Spitting. OhSweetBabyJesus, SPITTING. Not even spitting-spitting, just blowing raspberries spitting, but it make me absolutley bonkers. I’d rather he just haul off and smack me in the head, honestly. Because that I can at last handle calmly. Sometimes it’s innocent and he’s playing, and I can blow it off, even while secretly being totally grossed out. Because toddlers are, well, excessively MOIST, and while a grown up can stick his tongue out and blow relatively dryly, a toddler raspberry is as best a little like a summer rainshower. At worst, you feel like you are on the front row at a Gallagher show. Only it’s SPIT, the worlds most revolting substance. Even writing this, I am grossed out by the spit in my own mouth. I have not shared a beverage with another person (even my husband!) since middle school. I can’t even eat lollypops or hard candy or gum – it’s just swallowing flavored spit!
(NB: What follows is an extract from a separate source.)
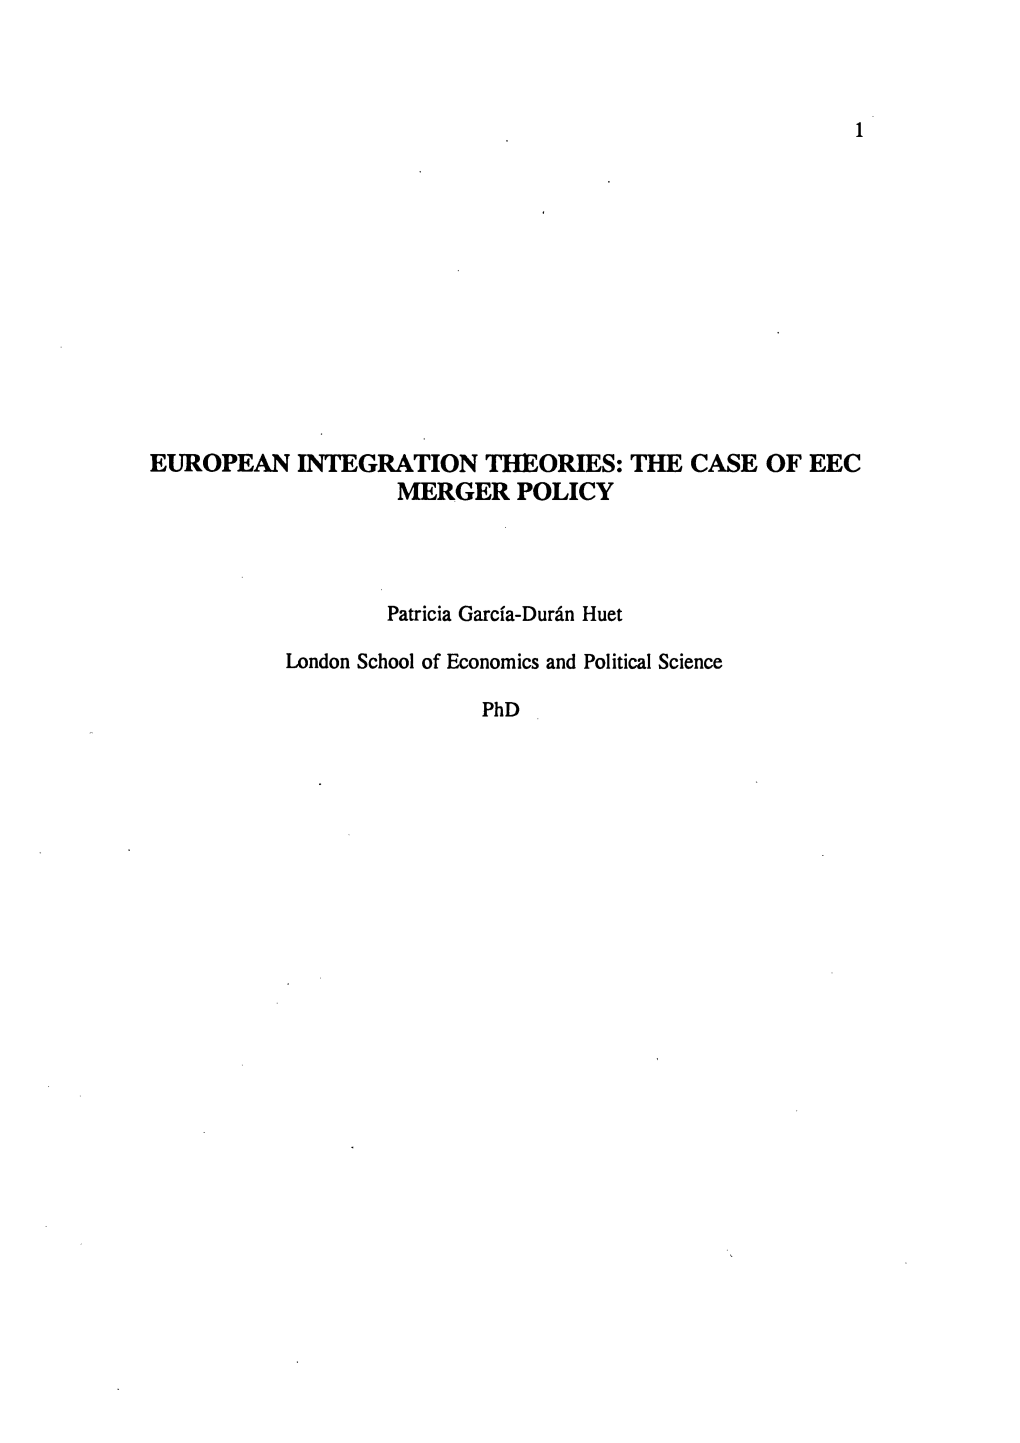 European Integration Theories: the Case of Eec Merger Policy
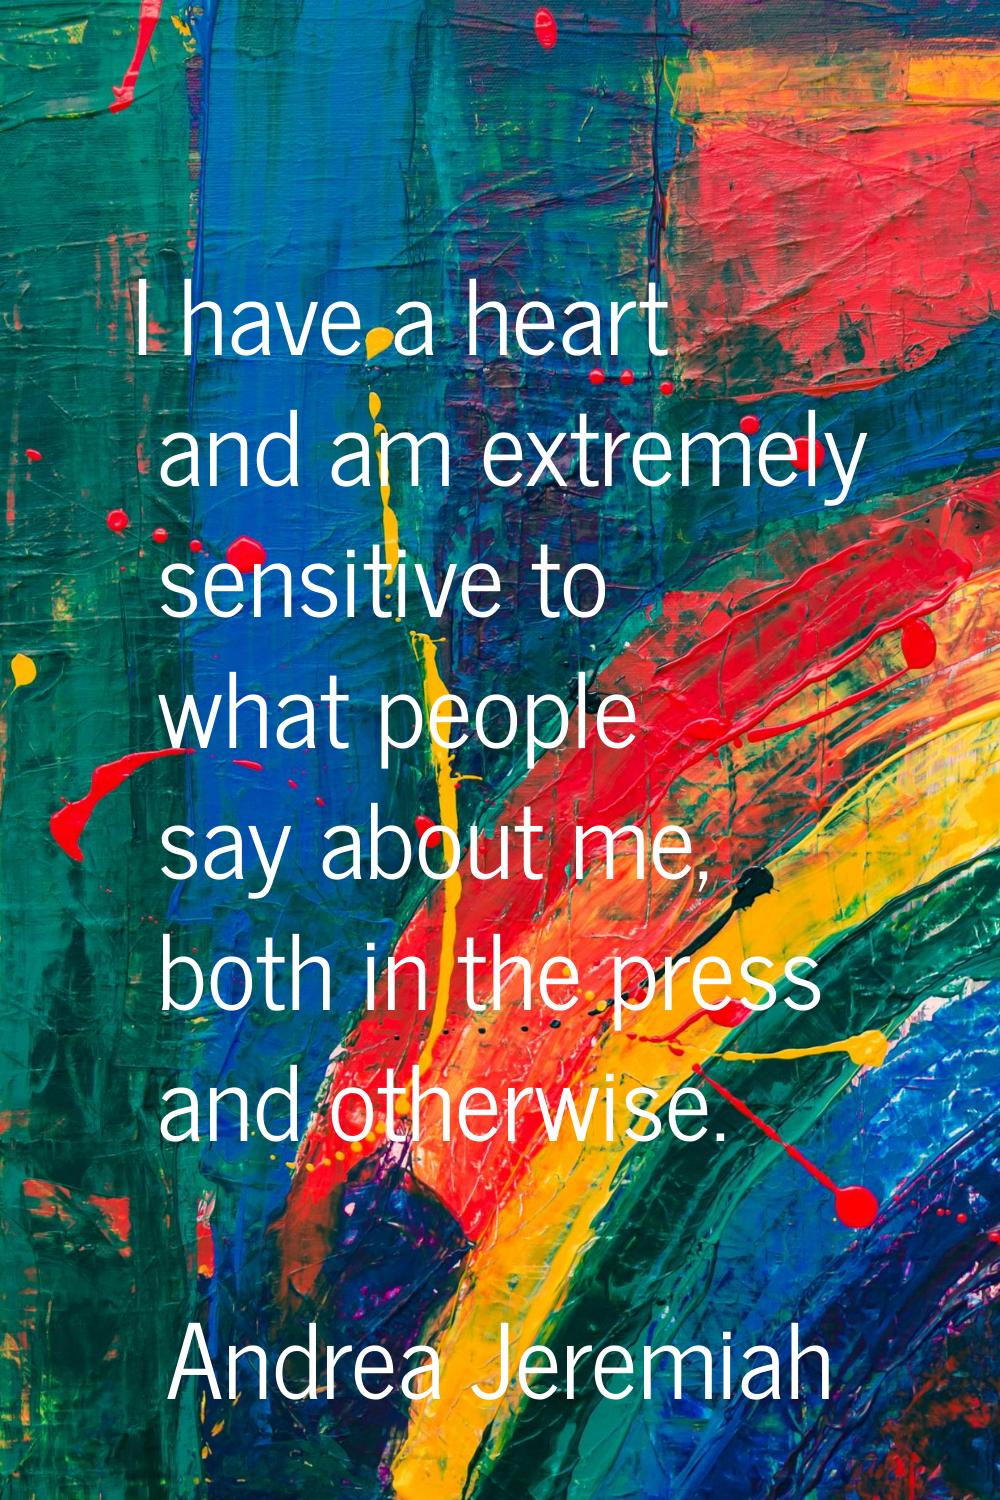 I have a heart and am extremely sensitive to what people say about me, both in the press and otherw

EEWWWWW!!
So, with my saliva issues, it’s no wonder that when he spits aggressively, to show his displeasure or defiance, it takes every ounce of control in my body not to just come undone. Last night he was in a benign spitting mode, playing games, and while it was generally annoying it was not vindictive and I just bit my tongue, ducked and diverted, and was sorry nursing was preventing me from a nice big glass of merlot. Later, though, he was angry because it was bedtime and I crouched down on his level and was telling him “Sorry, but it’s time for books and then bed.” Little demon blew a big ol’ wet raspberry right in my face. I have never in his whole life even been tempted to spank or strike him, honestly. But there were a few fleeting seconds there where I could see myself smacking him, and I could see it feeling satisfying to be making him as unhappy as I was right in that moment. It would have been totally counterproductive, and it absolutely would have been out of line with my general parenting philosophy, but the vision was there. I suspect he saw it, too, as I found myself adopting the dead calm, flat voice I heard from my father as a child when I had *really* crossed the line.
“Books. Bed. NOW.”
He scrambled to bed with no further incident. But I know it’s a momentary reprieve. No toddler would ever give up such a sure way to get a rise out of a parent. Hell, I am 37 and I still have a few in my pocket in case my folks get out of line!